Source data ::
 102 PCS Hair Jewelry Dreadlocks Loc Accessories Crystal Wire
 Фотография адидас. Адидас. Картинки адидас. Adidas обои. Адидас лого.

...

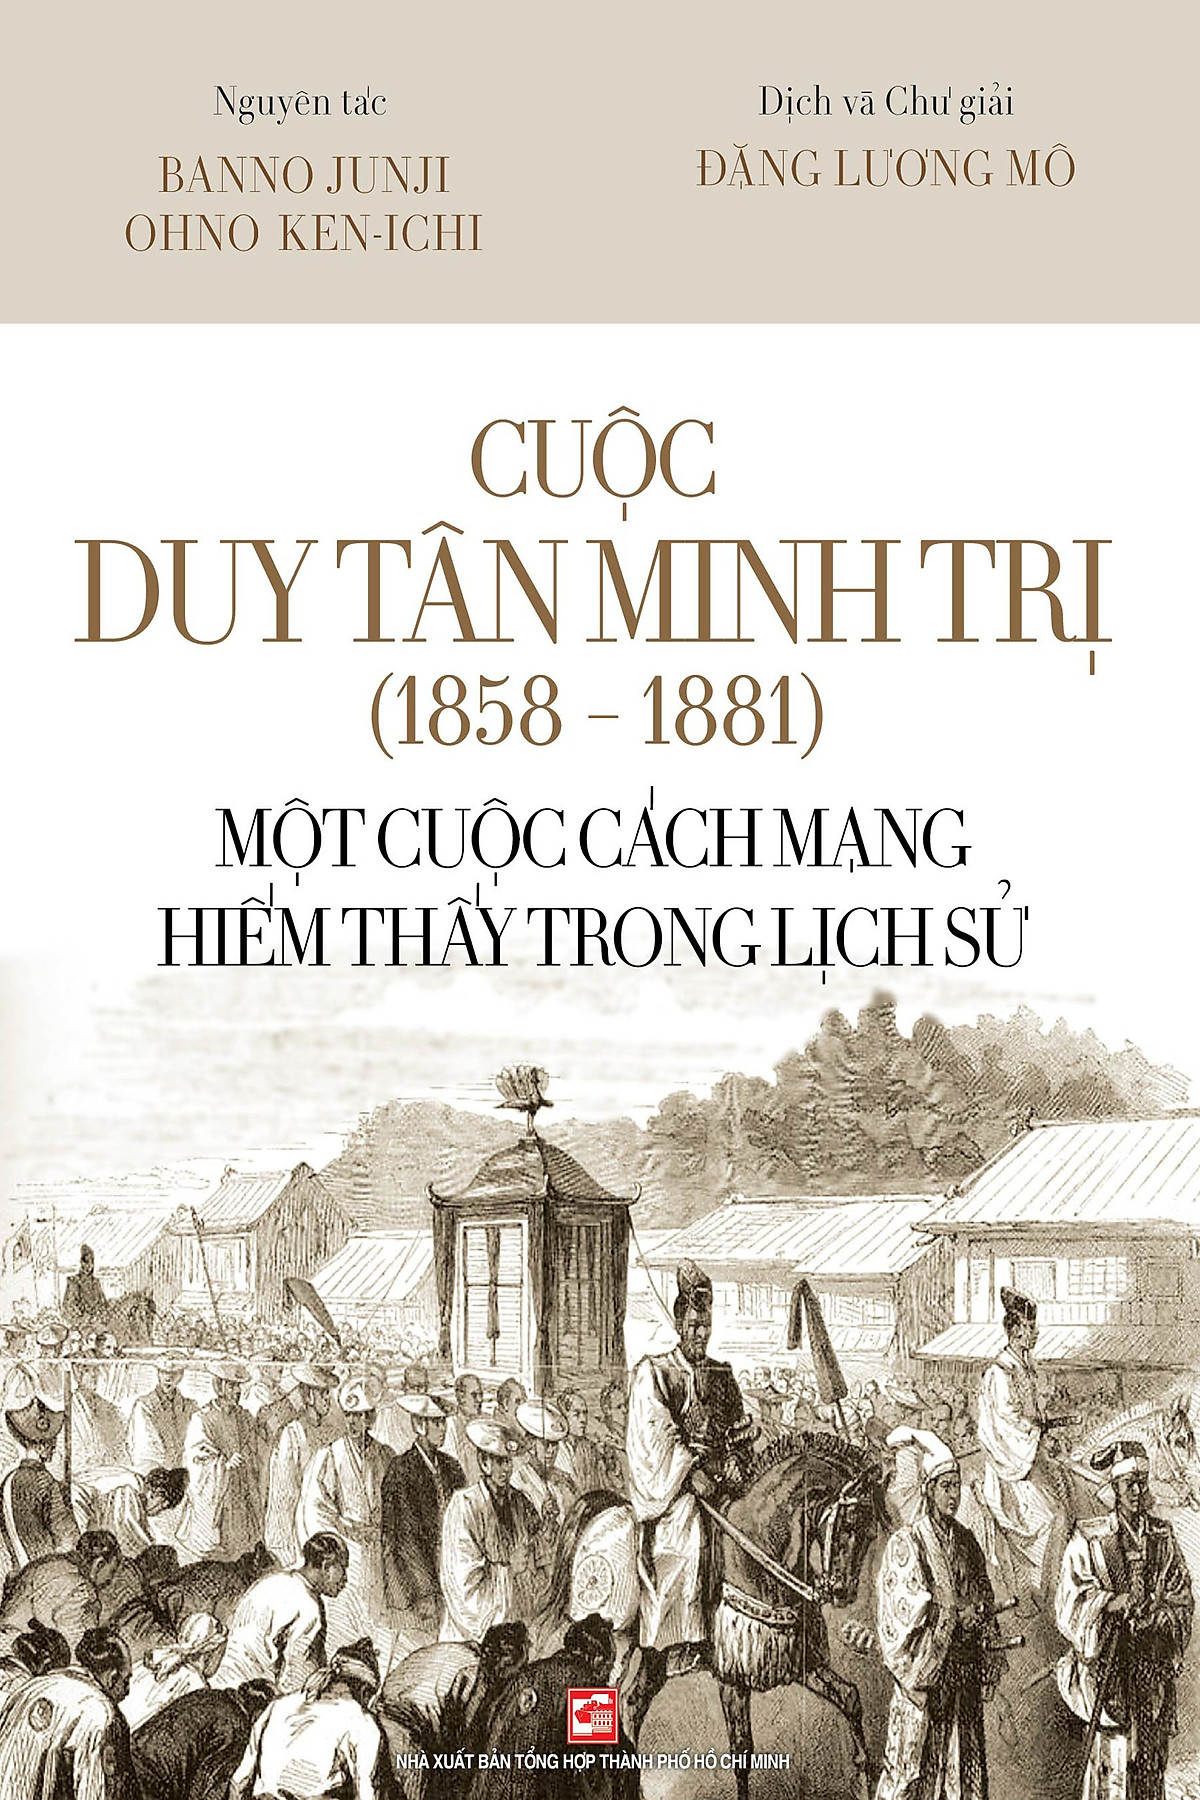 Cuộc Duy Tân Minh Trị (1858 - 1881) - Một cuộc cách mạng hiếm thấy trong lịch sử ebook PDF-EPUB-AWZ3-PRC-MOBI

==

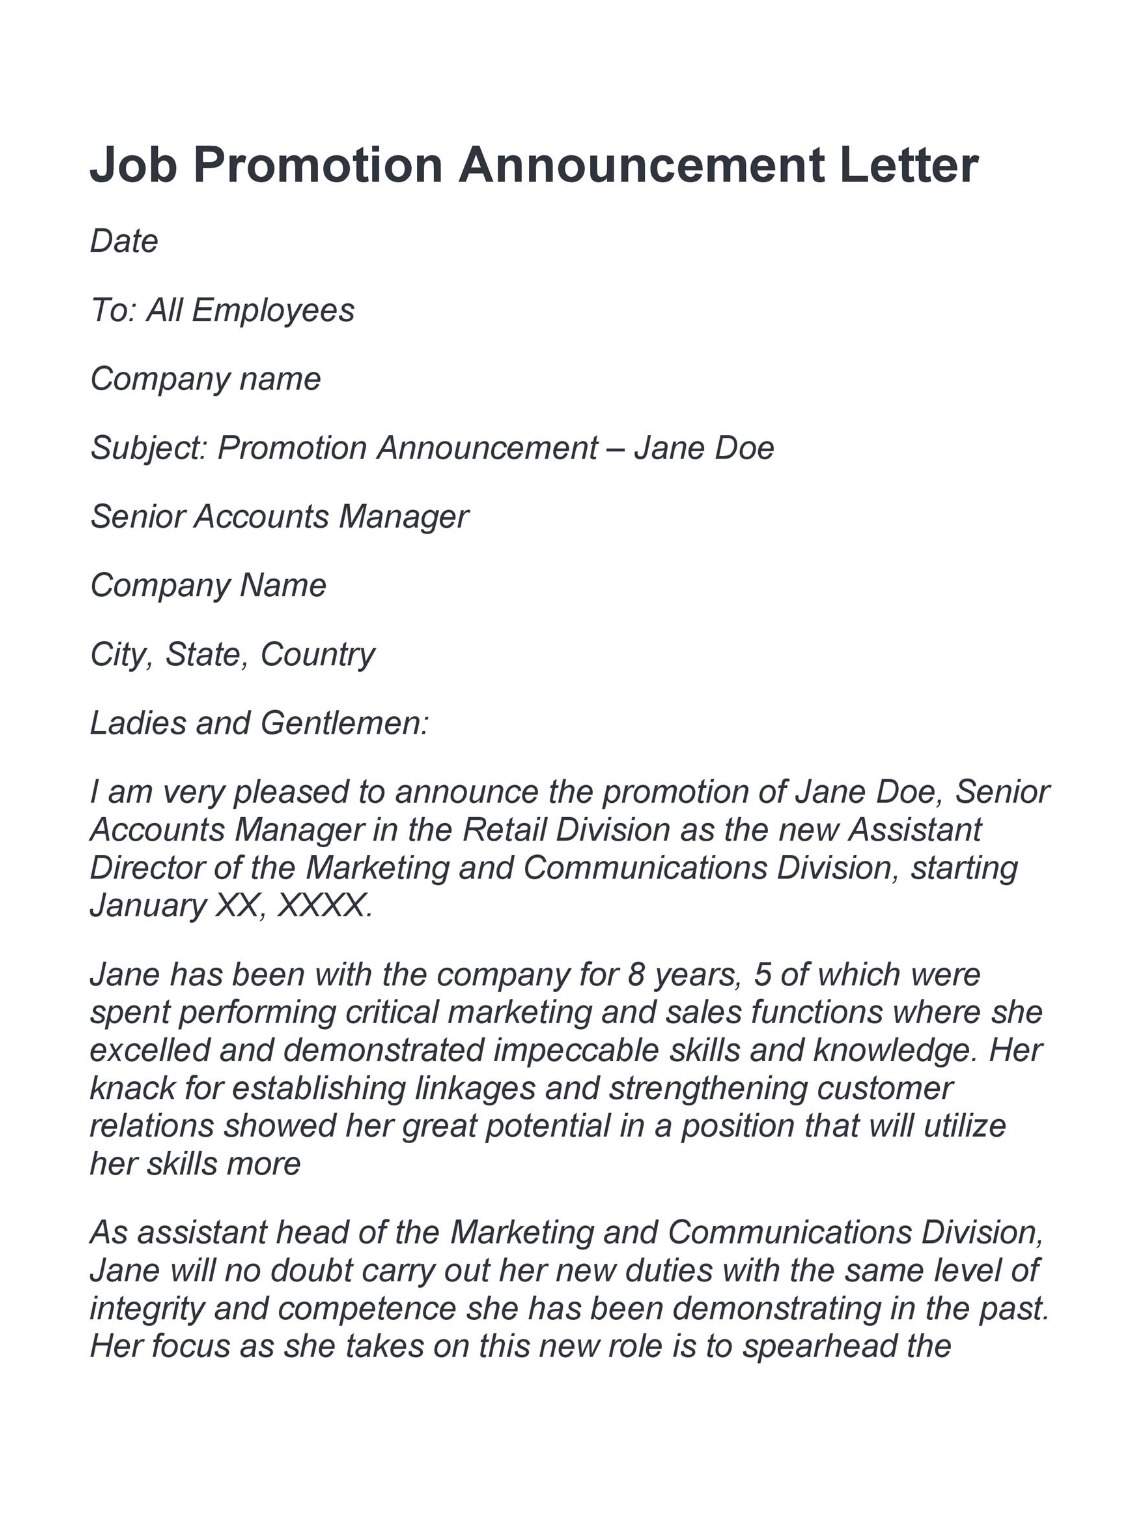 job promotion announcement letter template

Required work :: Looking at the data above, write out exactly the lines that start at the one containing "102 PCS Hair" and end at the one containing "Фотография адидас. Адидас."; include both and nothing beyond.

Solution for this exercise ::
 102 PCS Hair Jewelry Dreadlocks Loc Accessories Crystal Wire
 Фотография адидас. Адидас. Картинки адидас. Adidas обои. Адидас лого.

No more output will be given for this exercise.